Publishers and booksellers across the world used all kinds of gimmicks to push the sales of JK Rowling's Harry Potter and the Deathly Hallows. Dubai was not to be left behind. A bookseller in Dubai used a novel ploy indeed: he found a look-alike of Harry Potter - or at least of Daniel Radcliffe as he looked while playing Harry Potter in the movie - and paraded him at his shop the day the book was released worldwide. The boy resembling Harry Potter happened to be an Indian - Dhaval Dave from Ahmedabad.

Dave does not live in Dubai. In fact it was the 19-year-old's first visit to this Gulf state. The enterprising bookseller spotted him on a TV show on an Indian channel, located his telephone number and got him to Dubai for the launch.


Dave had clearly rehearsed the part of Harry Potter for the occasion. His mannerisms were spot on, exactly those of Radcliffe in the film. And he stole the show. Nearly everyone who bought a copy of the book wanted to have it autographed by the Potter clone as well. Many asked to be photographed with him, and the bookseller duly obliged (for a fee, of course).

India's image may have changed a great deal worldwide in the recent past, but not in Dubai. Here, for Europeans and Arabs alike, the Indian stereotype is still that of an illiterate labourer or a Malayali clerk. So it was a welcome change to see white and brown alike queuing up to fawn over an Indian.



Telling an Untold Story

There is a standing joke in Dubai that Malayalam is the 'unofficial' official language of Dubai, given the frequency with which it is heard on the street. But given the poor or lower middle class background of most migrant Malayalees, their social or cultural history, or their role in Dubai's society, has hardly ever been documented. NRIs in Britain and even the United States have had books written about them; feature films and TV shows made about them, but not those in the Gulf, though their numbers are just as sizeable, and they have a zillion interesting stories to tell.

Thus the Malayalam film Arabikatha (The Arabian Story), recently screened in Dubai, came as a delightful surprise. Directed by Lal Jose, and shot largely in Dubai, it is all about the average Indian's dream of making big money by working in the land of petro dollars. The loans poor Indians take to pay employment agents, or just to rustle up the airfare to the Gulf, the back breaking hours they work to pay back those loans, as well as put aside a little for their future, the solitary lives they lead with their families far away, have all been beautifully captured.

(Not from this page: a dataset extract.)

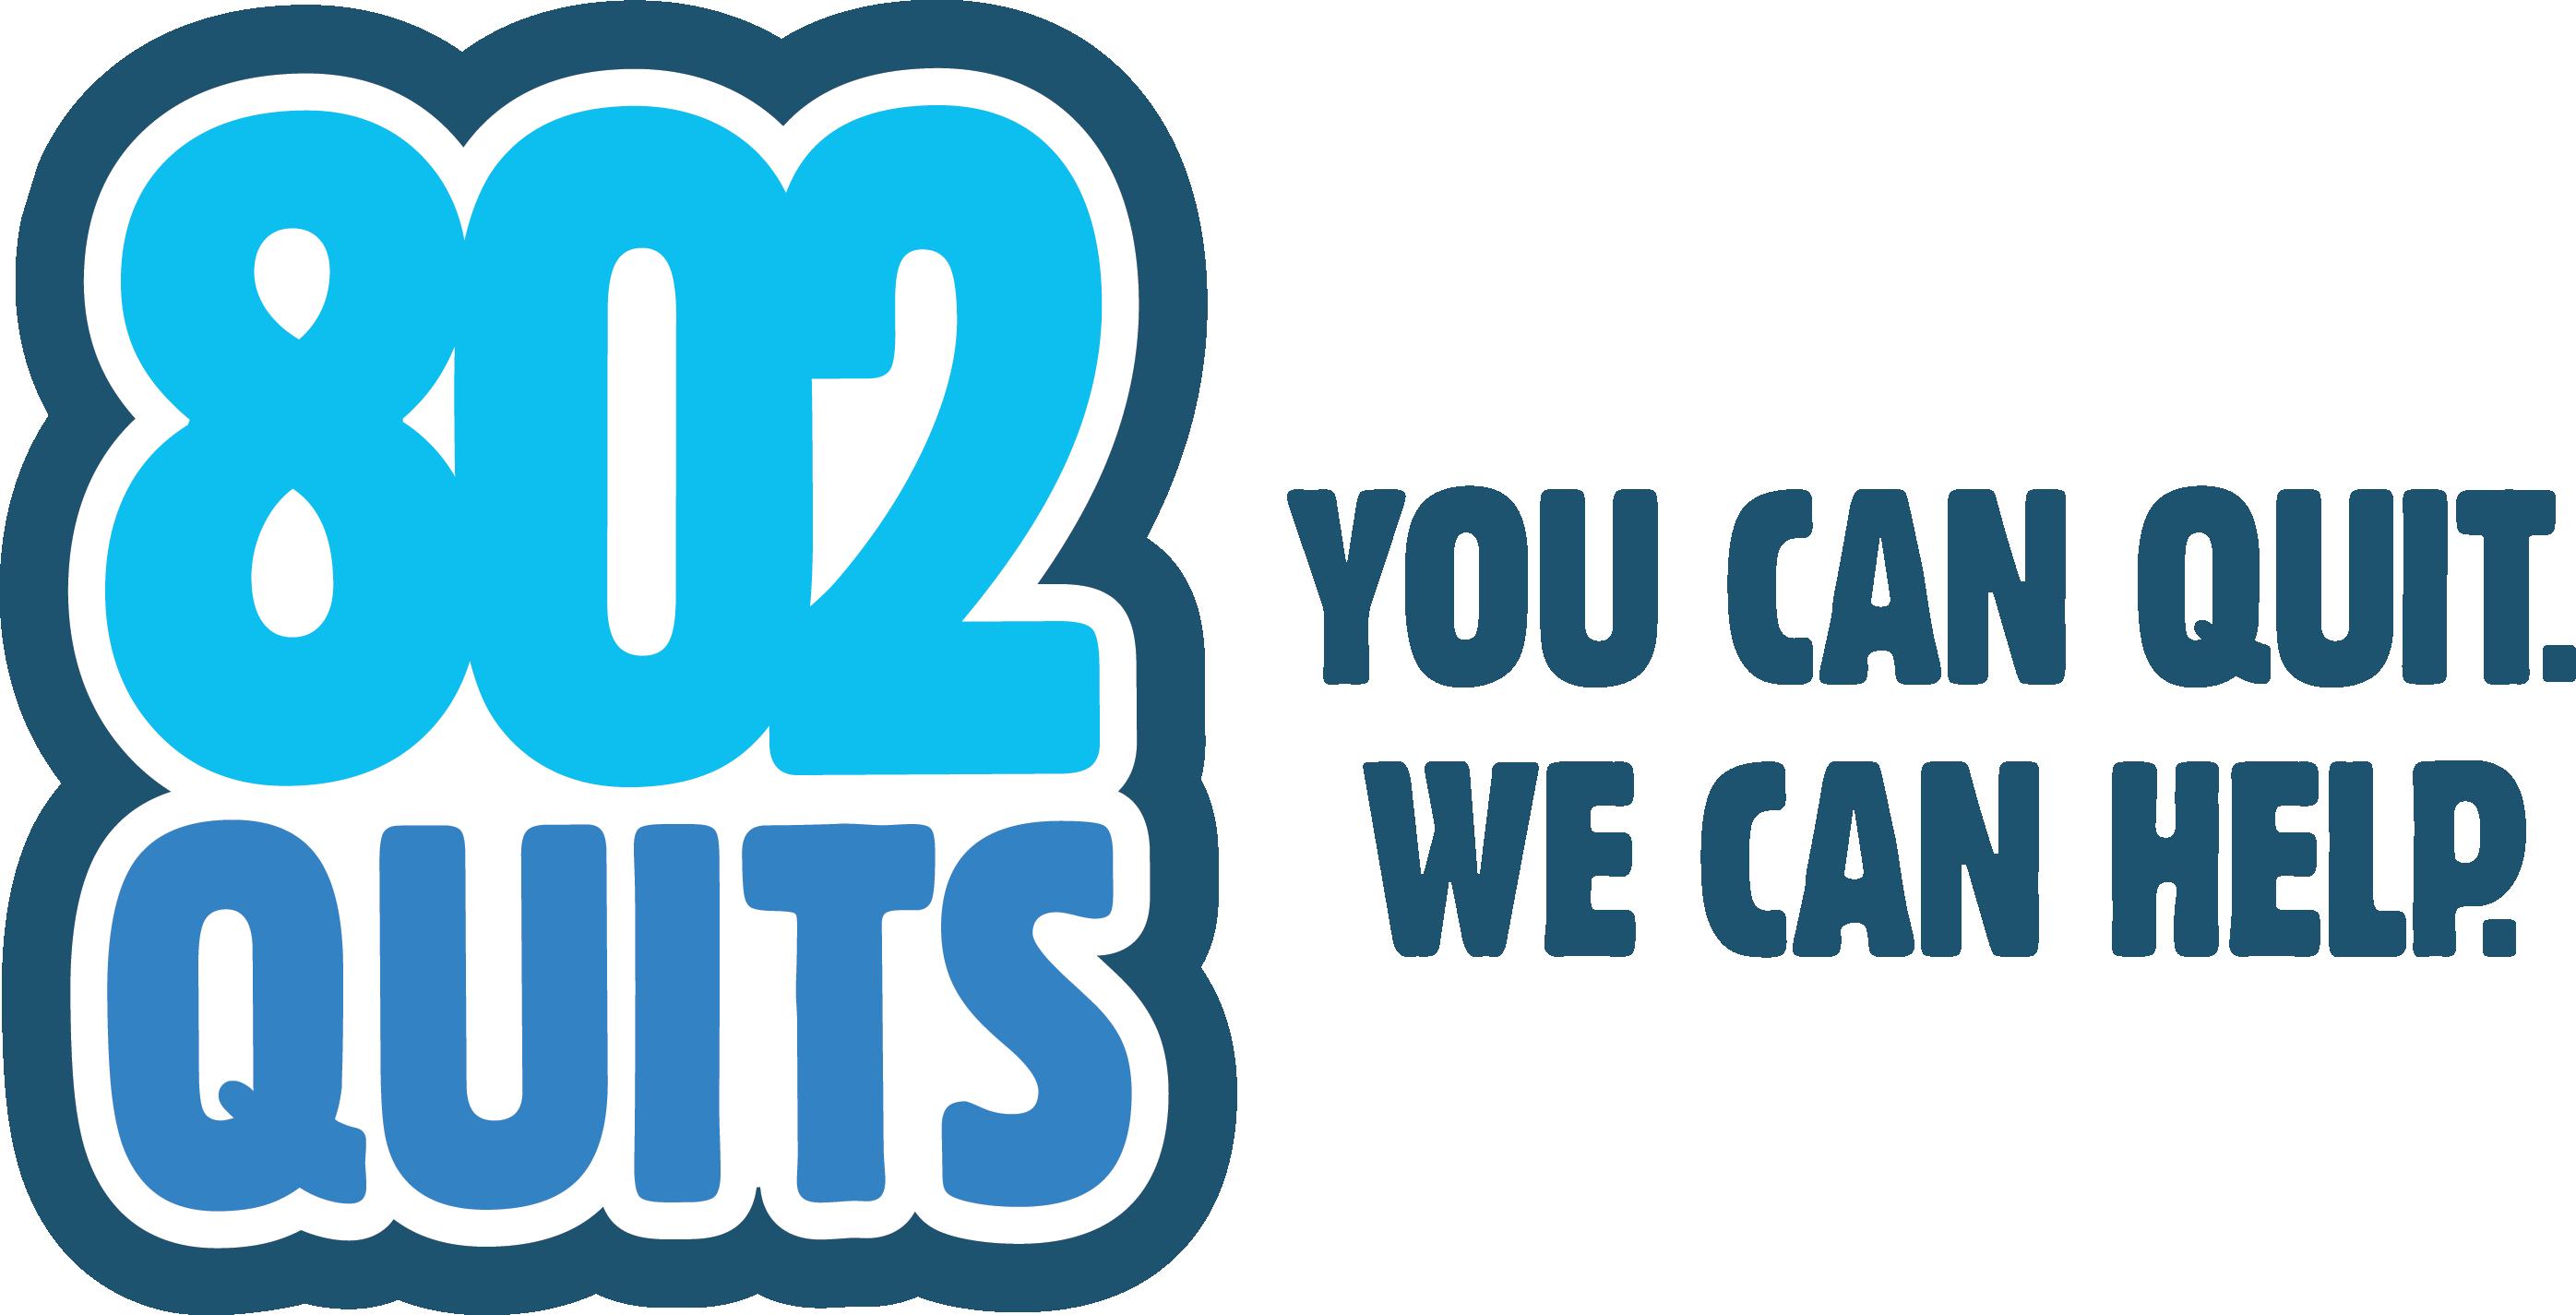 شعار 802Quits

The film has become a talking point here among Indians, even among the poor workers, who have begun to feel that their life stories too have some significance.



The Boss on a roll

It is yet another indication of the growing Indian influence here that Rajnikant's Sivaji continues to top the box office here, more than a month after its release. Sivaji's success has come as a shock to most locals, since for them Indian cinema so far began and ended with Bollywood. Most people simply do not know that there are thriving film industries in other parts of India as well.

'Who's this guy?' was the common refrain about Rajnikant when Sivaji was first released. The upmarket multiplexes all refused to screen the film, since they thought its audience would be confined to working class South Indians. They must be rueing their decision now, since the run down, less classy theatres, which did accept Sivaji have all, made a killing.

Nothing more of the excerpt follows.